Information shown Block Start
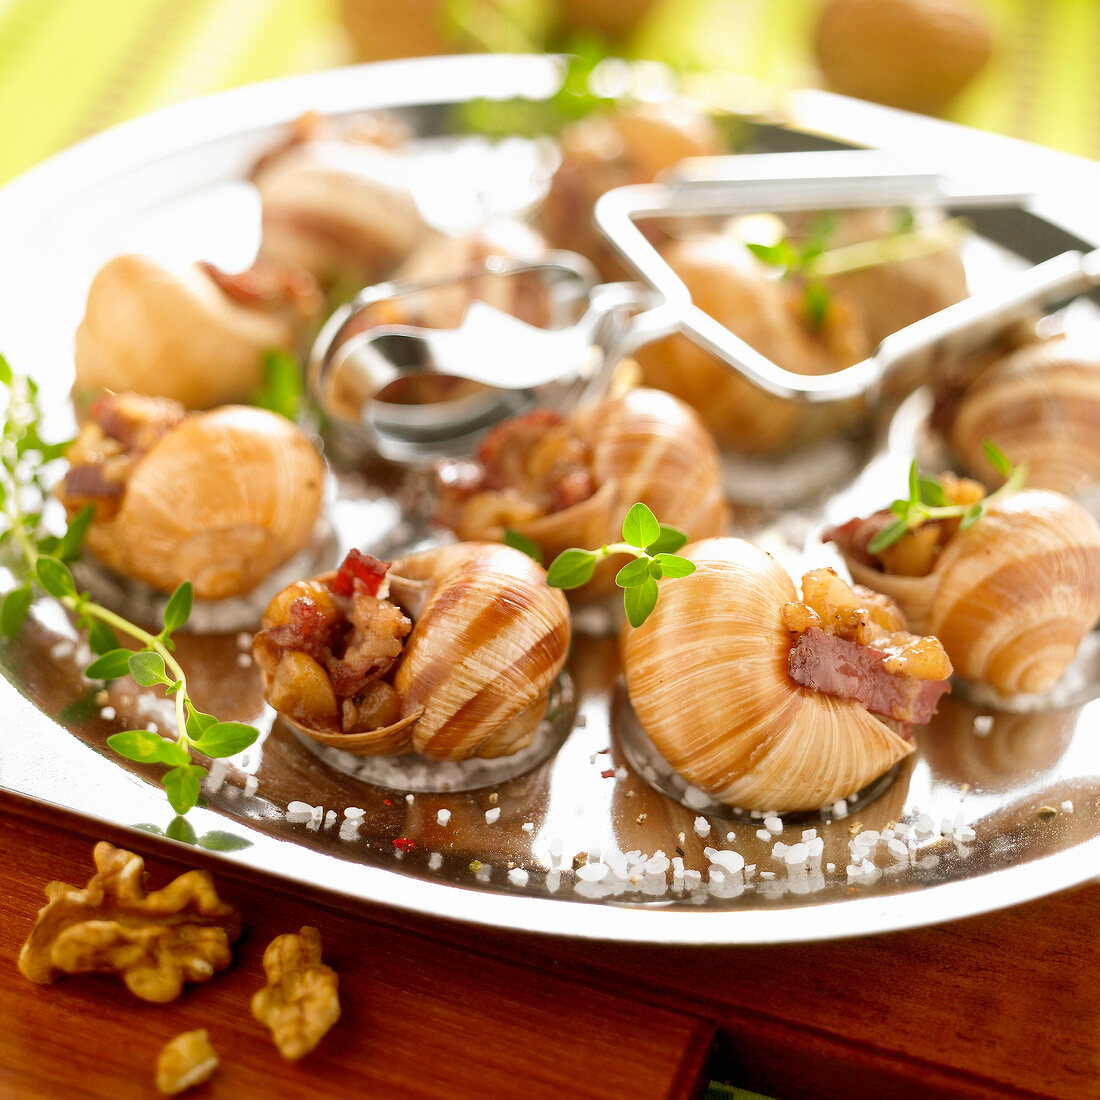 Snails stuffed with diced bacon and walnuts
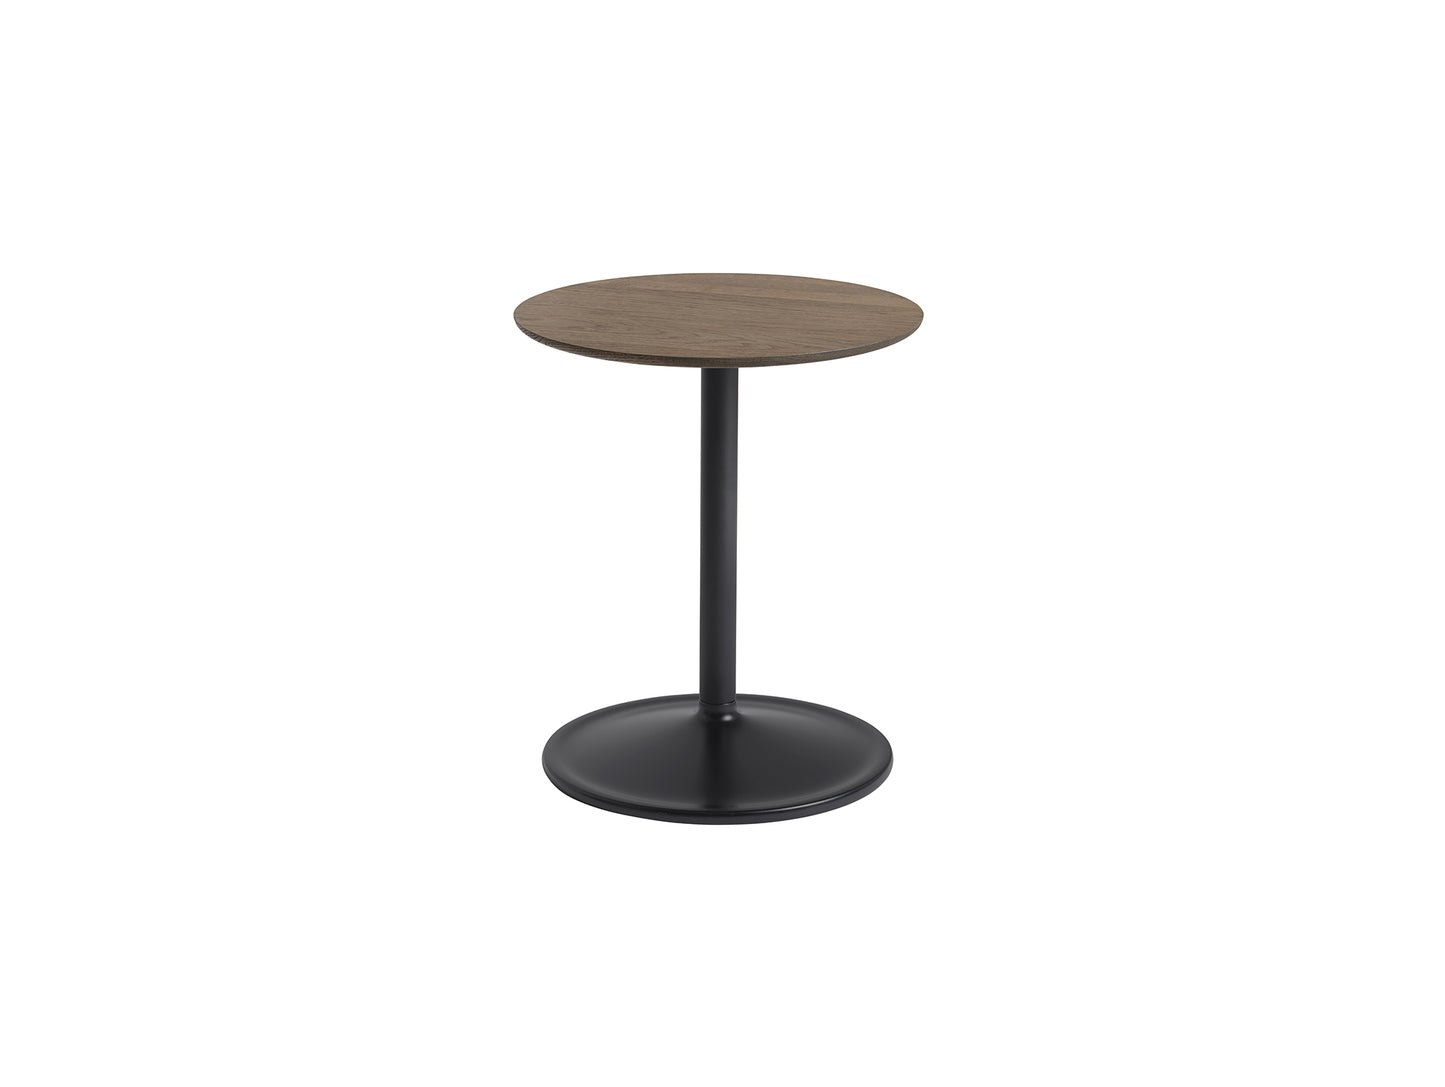 Soft Side Table by Muuto - Diameter : 41 cm / Height: 48cm in solid smoked oak top and black aluminum base
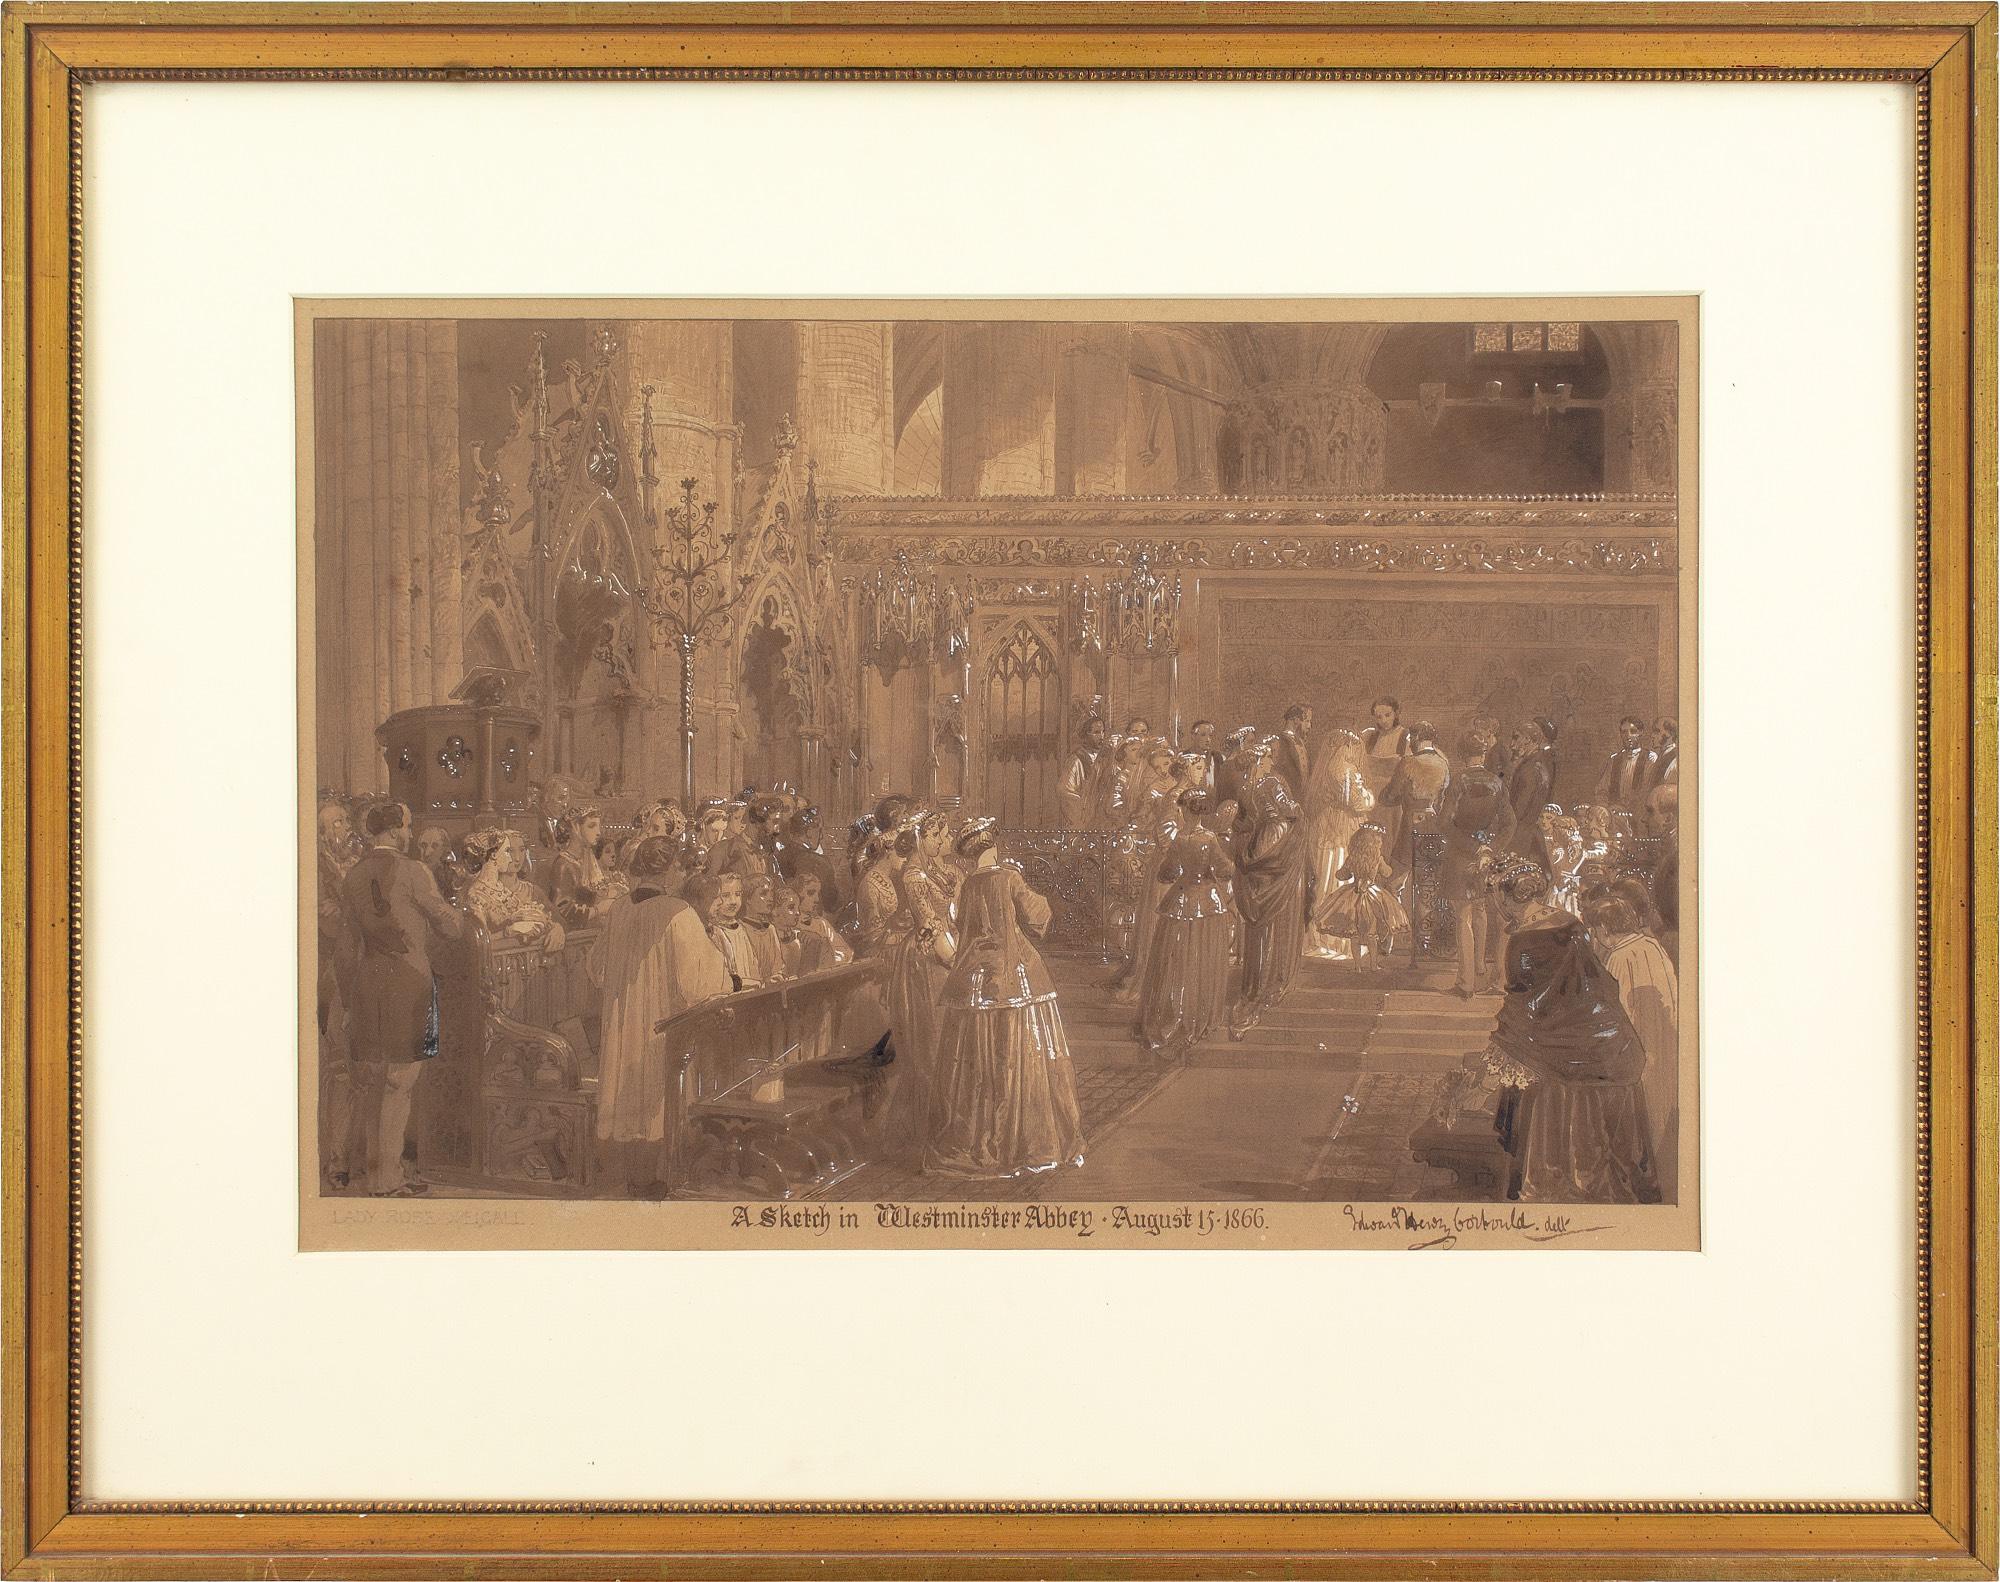 Edward Henry Corbould, Westminster Abbey, The Wedding
Information shown Block End
Your instructions:
Produce a verbatim transcription of every line in the listing, images omitted.

Exercise result:
 Snails stuffed with diced bacon and walnuts
 Soft Side Table by Muuto - Diameter : 41 cm / Height: 48cm in solid smoked oak top and black aluminum base
 Edward Henry Corbould, Westminster Abbey, The Wedding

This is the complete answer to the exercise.